Ladies, I’m here to tell you a harsh truth: your bachelorette parties are out of control.

Before I sound like some single, bitter, bachelorette scrooge, let me clarify. I am more than happy to stand by you on your big day and celebrate you in all the standard parties that lead up to it. I am well aware that agreeing to be your bridesmaid comes with the implicit agreement to drink and dance and wear whatever attire you tell me to at your “last fling before the ring.” Do I think that should require me to drop a cool $1,600 (upwards if I’m also expected to chip in to pay for your flight/resort package, which is another bachelorette courtesy that’s becoming commonplace) to spend a long weekend in Mexico with your forty-year-old future sister-in-law and your BFF Courtney who I haven’t seen since we all shared a bowl in high school? No, I do not.

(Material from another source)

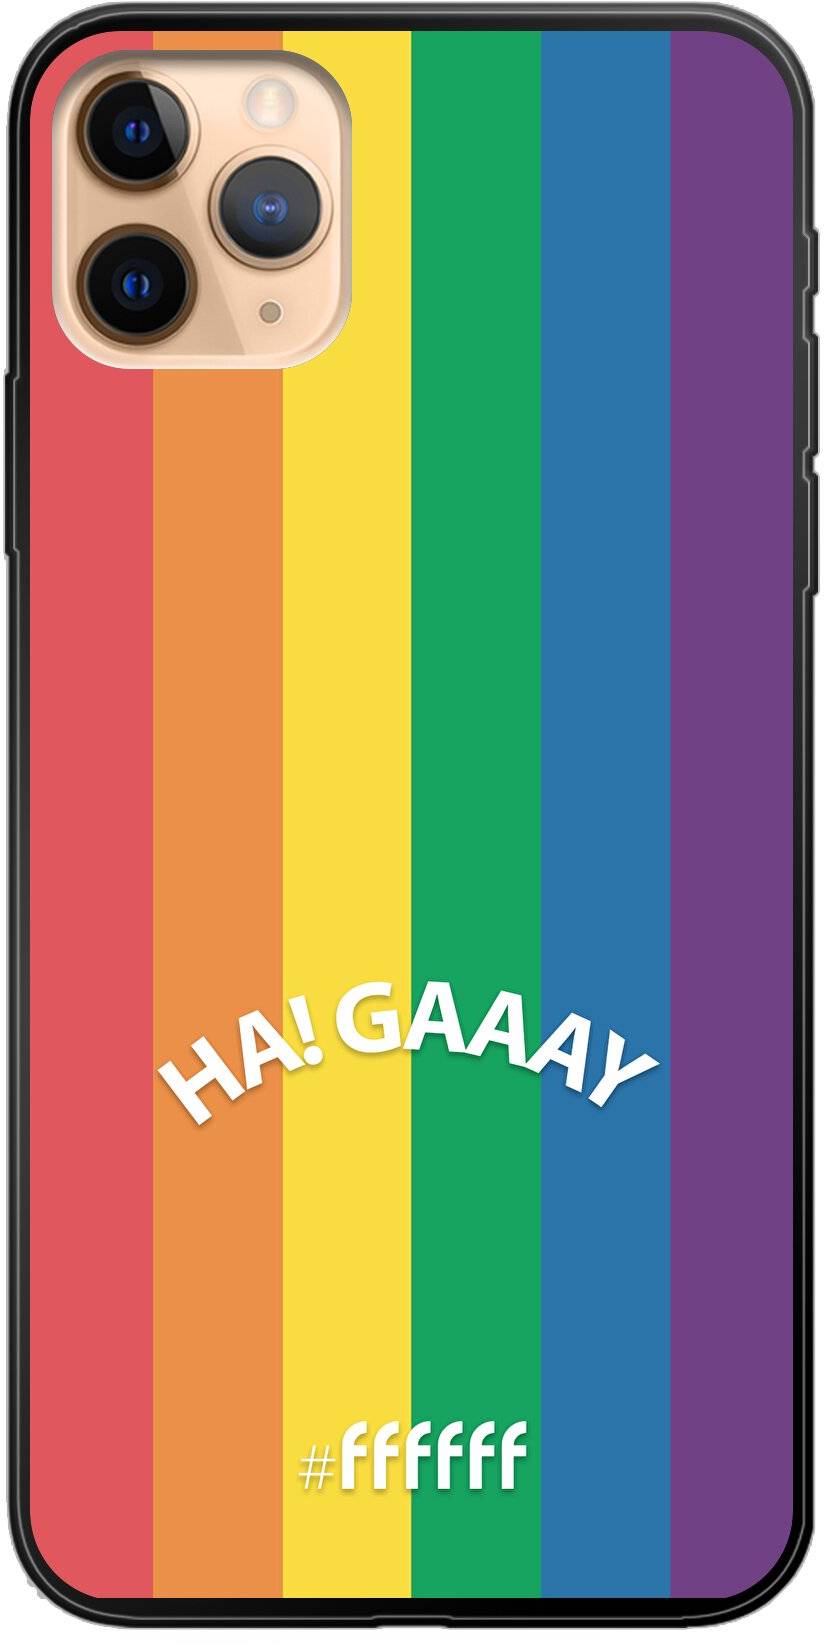 #LGBT - Ha! Gaaay iPhone 11 Pro Max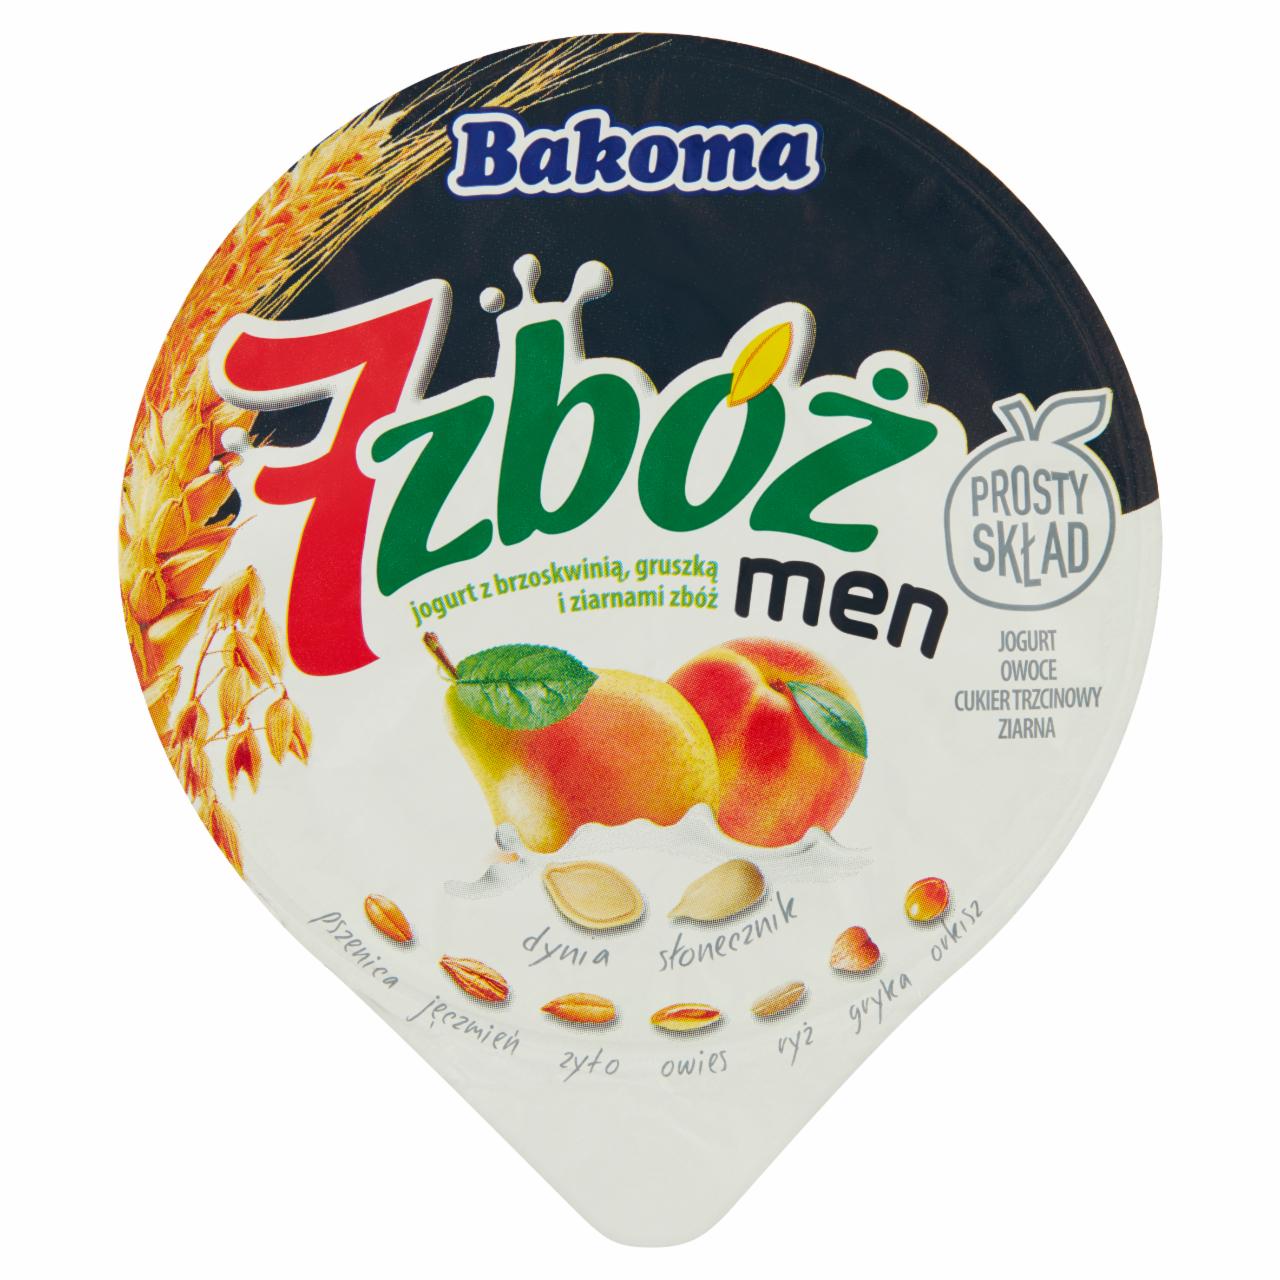 Képek - Men gyümölcsös joghurt mix 2 Bakoma

Sorry that my attitude matches the black dress I had to buy for your “night on the town before the gown.” I just think we could all use a little more conscientiousness and maybe just a smidge of forethought. It’s your day, but that doesn’t mean you get to tell your friends where you want to go on vacation and demand they pay for it.

I hope that your decision to spend your bridesmaids’ PTO on a Mexican getaway was just a momentary lapse in judgment. I know you’re busy with all things wedding-related, and I know you’re stressed, and I’m sure Mexico sounds great right about now. It does to me too, but on my own prerogative. I want to choose when I get to spend money I don’t have. All I can do is hope that you change your mind (and cross my fingers that your fiancé leaves you before I have to put a payment down on that Cancun villa).

In the meantime, you can find me in front of my laptop, quietly sobbing into a large glass of wine as I frantically search Travelocity for flight deals. Happy wedding.